Voters didn’t want Biden to run for a second term in 2022, even though they sent a lot of mixed signals.

But “watch me” alone isn’t going to assuage voters’ doubts, which primarily center on Biden’s age. After watching Biden in the office for two years, most of the voters don’t think he should run again. So there’s that.

Biden will turn 80 in nine days’ time and will be 82 years old shortly after the 2024 election. At the end of a second term, he would be 86 years old. By comparison, Ronald Reagan was 77 years old when he left office in 1989.

CNN Exit Polls: Finding Your Favorable 2020 Presidential Candidate? The Case of the Republican-Aligned Campaign, Including an Analysis of the National Election Pool

It’s not certain which party will control the Senate or the House in the next year, with races too early to call. But it’s clear that the “red wave” wished for by Republicans did not materialize in 2022.

Abortion rights: The Supreme Court’s overturning of Roe v. Wade brought abortion to center stage, with about 27% of voters calling it their top issue. More than half of voters think the decision is bad, with a third of them expressing anger. Democrats had an 11-point advantage over the GOP when it came to which party voters preferred to deal with abortion issues.

In Pennsylvania’s gubernatorial race, the projected Democratic winner, Josh Shapiro, picked up roughly one-quarter of commonwealth voters who disapproved of Biden. In a number of races, Democratic candidates won outright among voters who somewhat disapproved of Biden.

CNN Exit Polls are a combination of in-person interviews with Election Day voters and in-person interviews, telephone and online polls measuring the views of early and absentee by-mail voters. They were conducted by Edison Research on behalf of the National Election Pool. Here you can read more about it.

There’s little appetite for a 2020 rematch in the coming presidential election, according to a new CNN Poll conducted by SSRS, as majorities of registered voters within each party say they’d rather see someone new nominated in 2024.

Despite tepid support for Trump to win the nomination, the survey finds the former president would likely enjoy majority backing among Republican-aligned voters in the general election if he did emerge as the party’s candidate. About two-thirds of those who want someone else to be the nominee also say they would definitely (36%) or probably (30%) vote for Trump if he did become the party’s nominee.

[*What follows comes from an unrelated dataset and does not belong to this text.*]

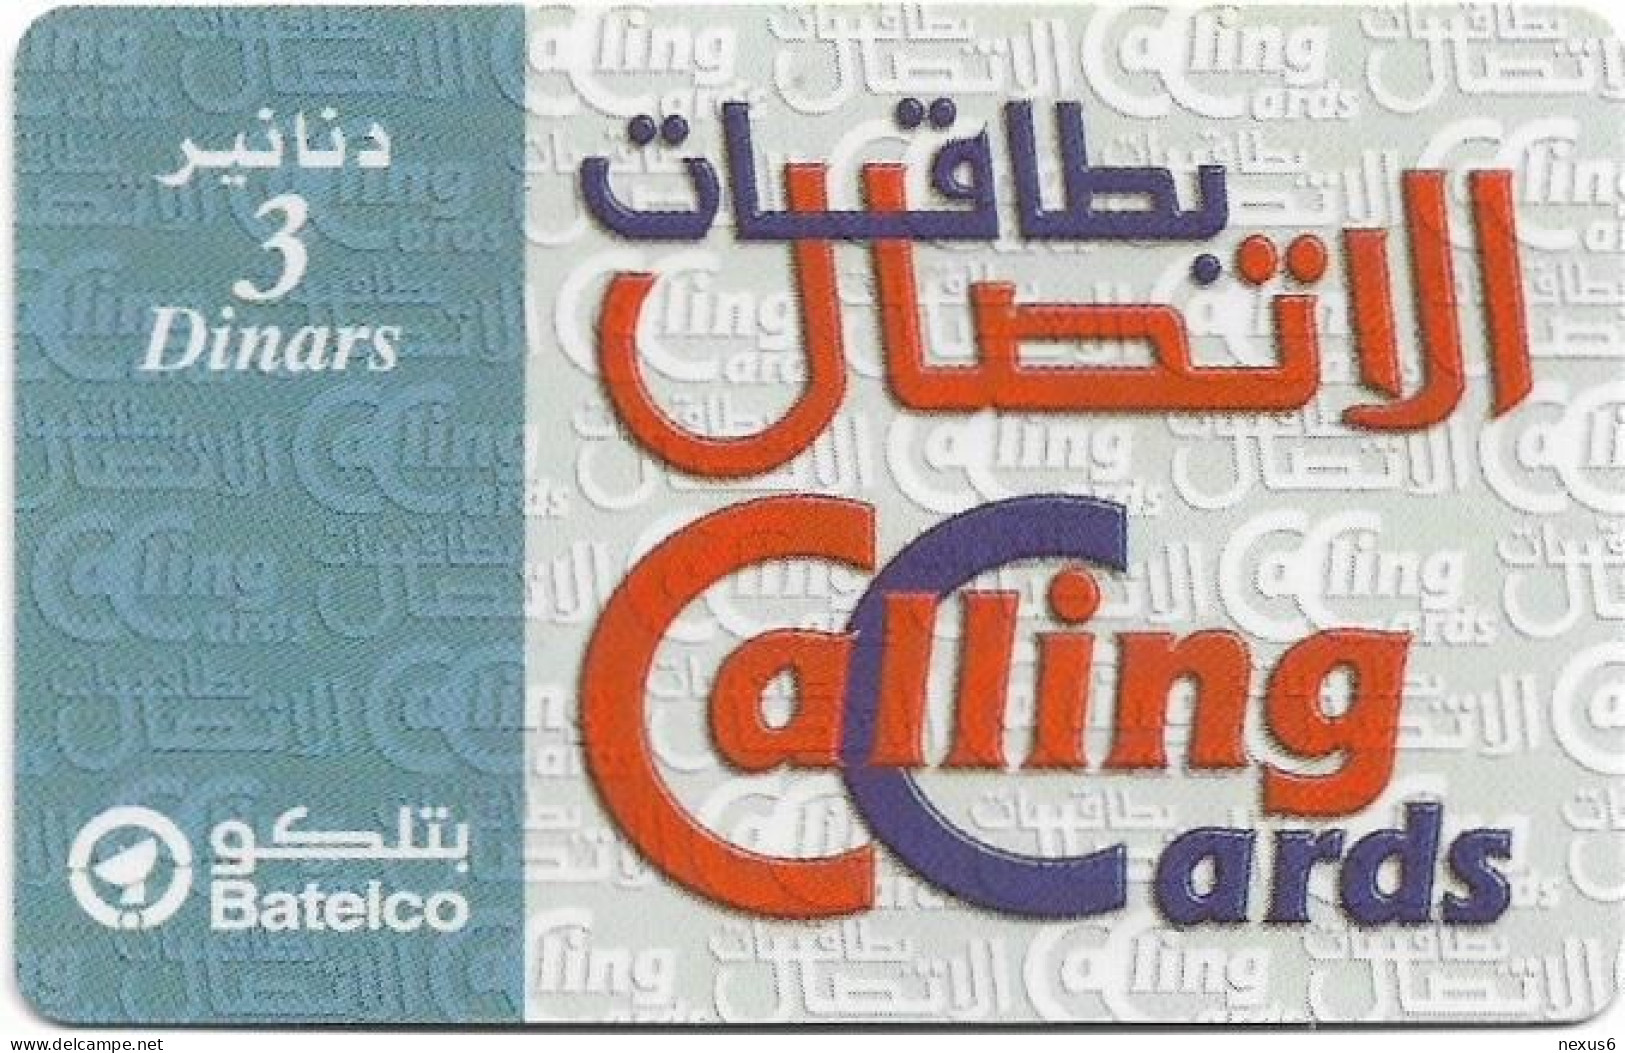 Bahrain - Batelco - Calling Cards (Light Blue), 3BD Prepaid Card, Used - Bahrein

In total, roughly 8 in 10 Republican-aligned voters either want Trump to be the nominee (38%) or say they would likely vote for him if he won the party’s nod(41%).

Half of Republican-aligned voters think that Trump has done a good thing for the Republicans, but less than a year ago most felt that way. A third (33%) say he’s had a bad effect, and 15% that he hasn’t made much difference.

The CNN Poll of the Democrat Party in the U.S. Rep. I.D. How Do You Think About a Candidate?

Among Democrats who say they’d like someone else as the party’s nominee, nearly three-quarters (72%) say they have no one specific in mind. Among those who do name another candidate, 5% mention Transportation Secretary Pete Buttigieg, 4% California Gov. Gavin Newsom, 4% Vermont Sen. Bernie Sanders, 3% Vice President Kamala Harris and 2% Massachusetts Sen. Elizabeth Warren.

The CNN Poll was conducted among a random national sample of 1,108 adults, drawn from a probability based panel. A live interviewer was used for online and telephone surveys. Results among the full sample have a margin of sampling error of plus or minus 3.6 points; it is larger for subgroups.